• [EXERCISE OBJECTIVE]
Beginning at the line containing "Kussenhoezen Cary met", repeat each line below exactly up to and including the line containing "Croazia, Dalmazia, isola". Do not repeat the pictures.

• [RECORDS FOR THE EXERCISE]
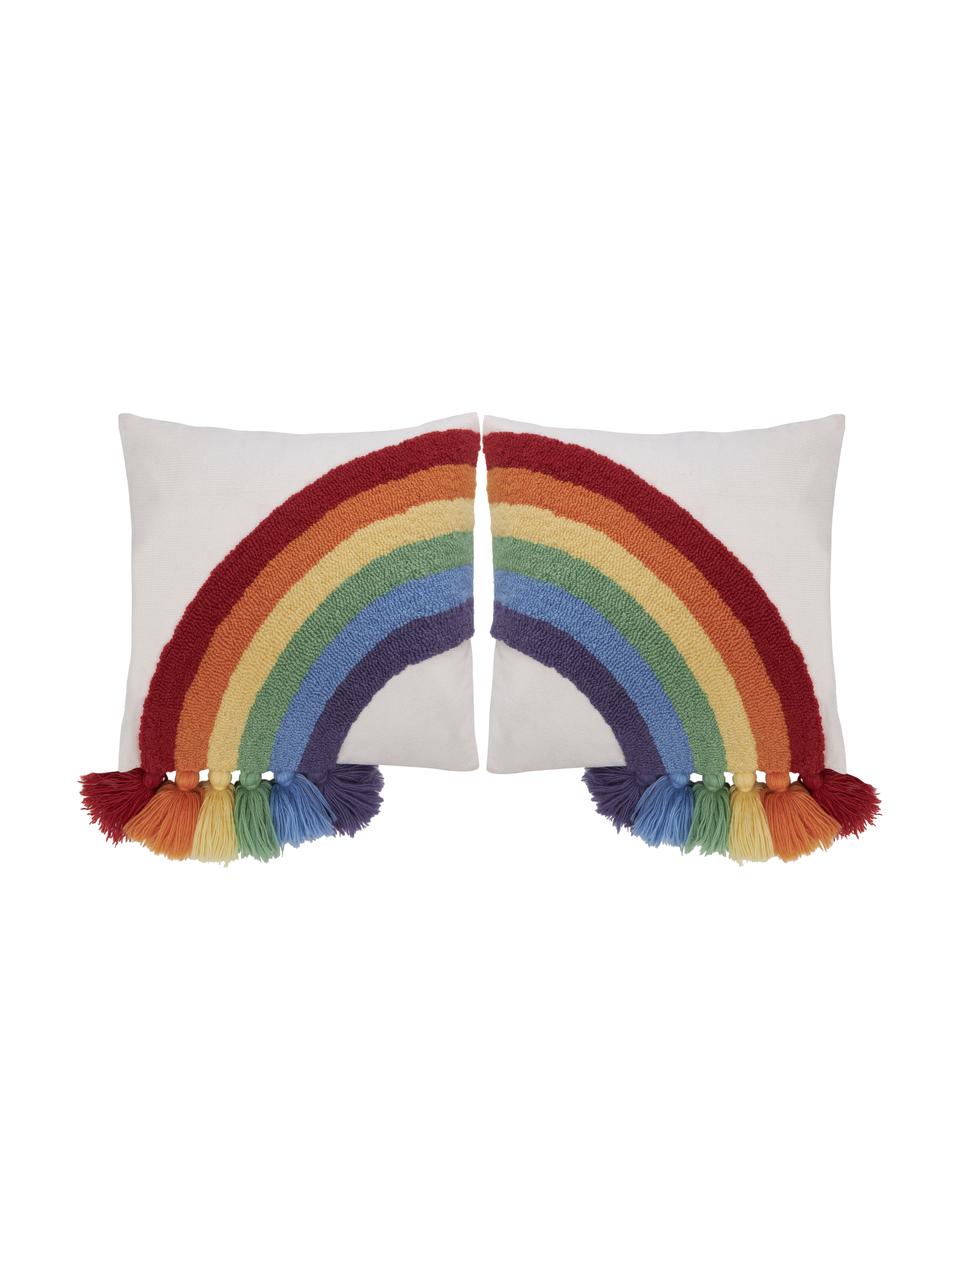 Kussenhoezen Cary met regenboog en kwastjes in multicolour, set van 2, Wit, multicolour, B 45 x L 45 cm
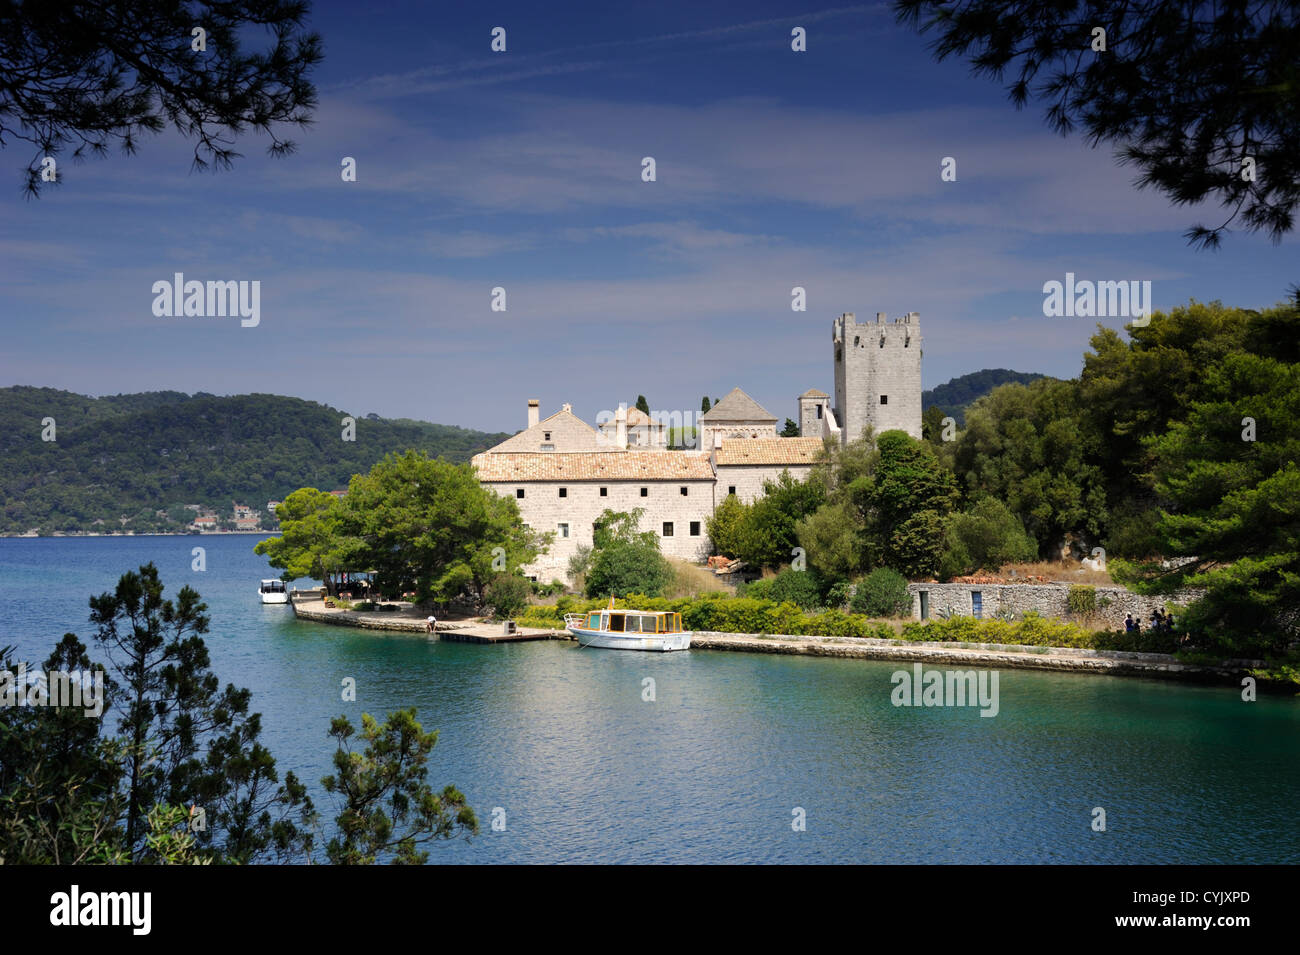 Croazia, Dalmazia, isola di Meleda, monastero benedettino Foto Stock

--

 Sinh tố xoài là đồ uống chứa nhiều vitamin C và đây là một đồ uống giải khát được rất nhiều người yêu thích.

==

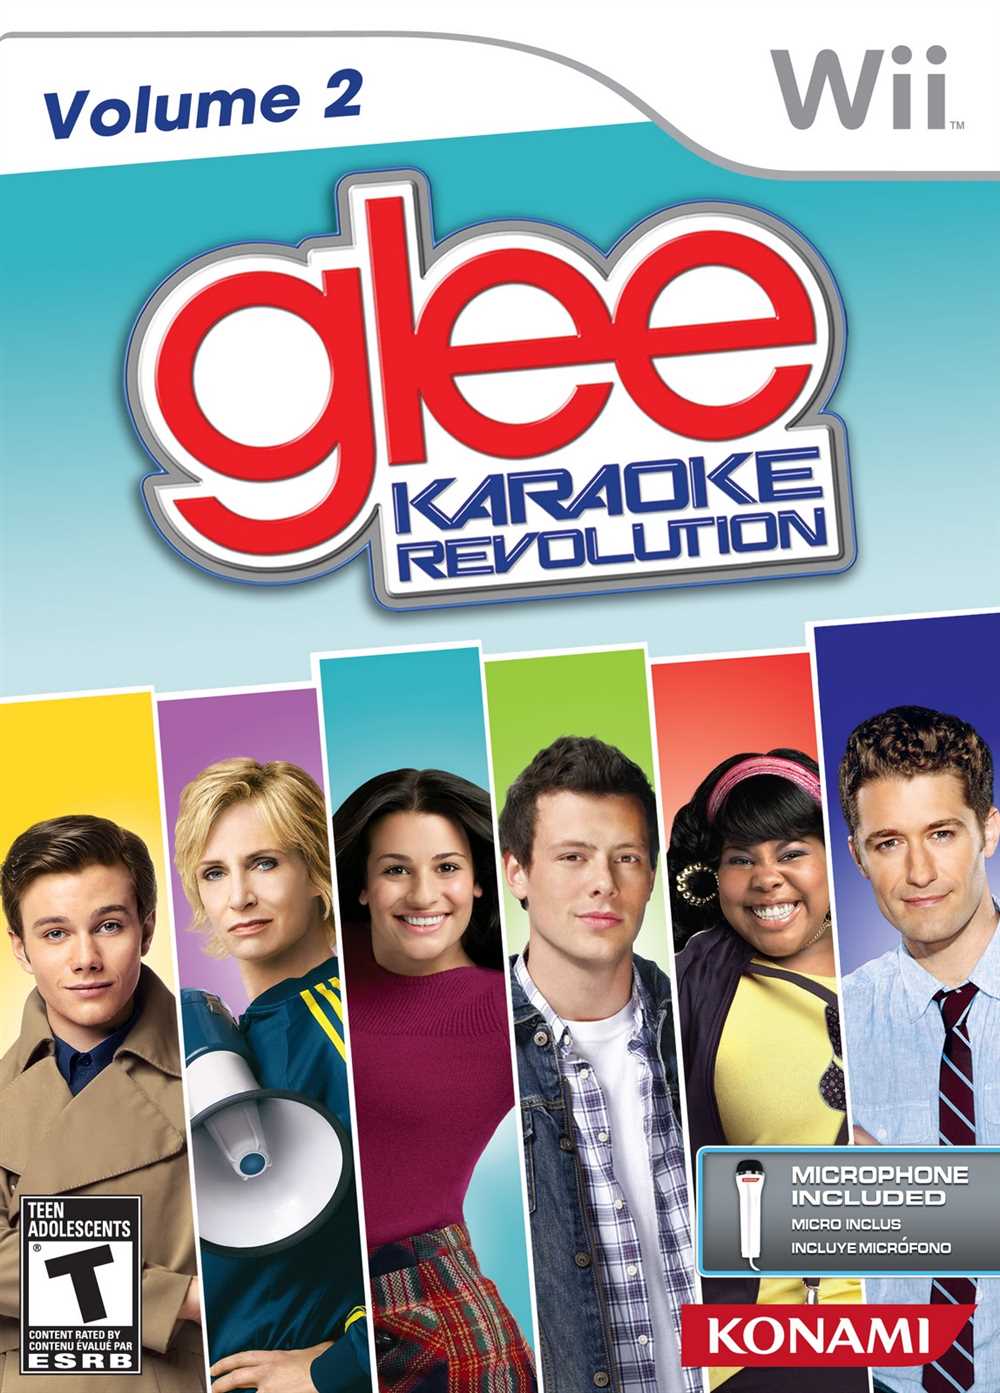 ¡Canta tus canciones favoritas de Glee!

• [EXERCISE RESPONSE]
 Kussenhoezen Cary met regenboog en kwastjes in multicolour, set van 2, Wit, multicolour, B 45 x L 45 cm
 Croazia, Dalmazia, isola di Meleda, monastero benedettino Foto Stock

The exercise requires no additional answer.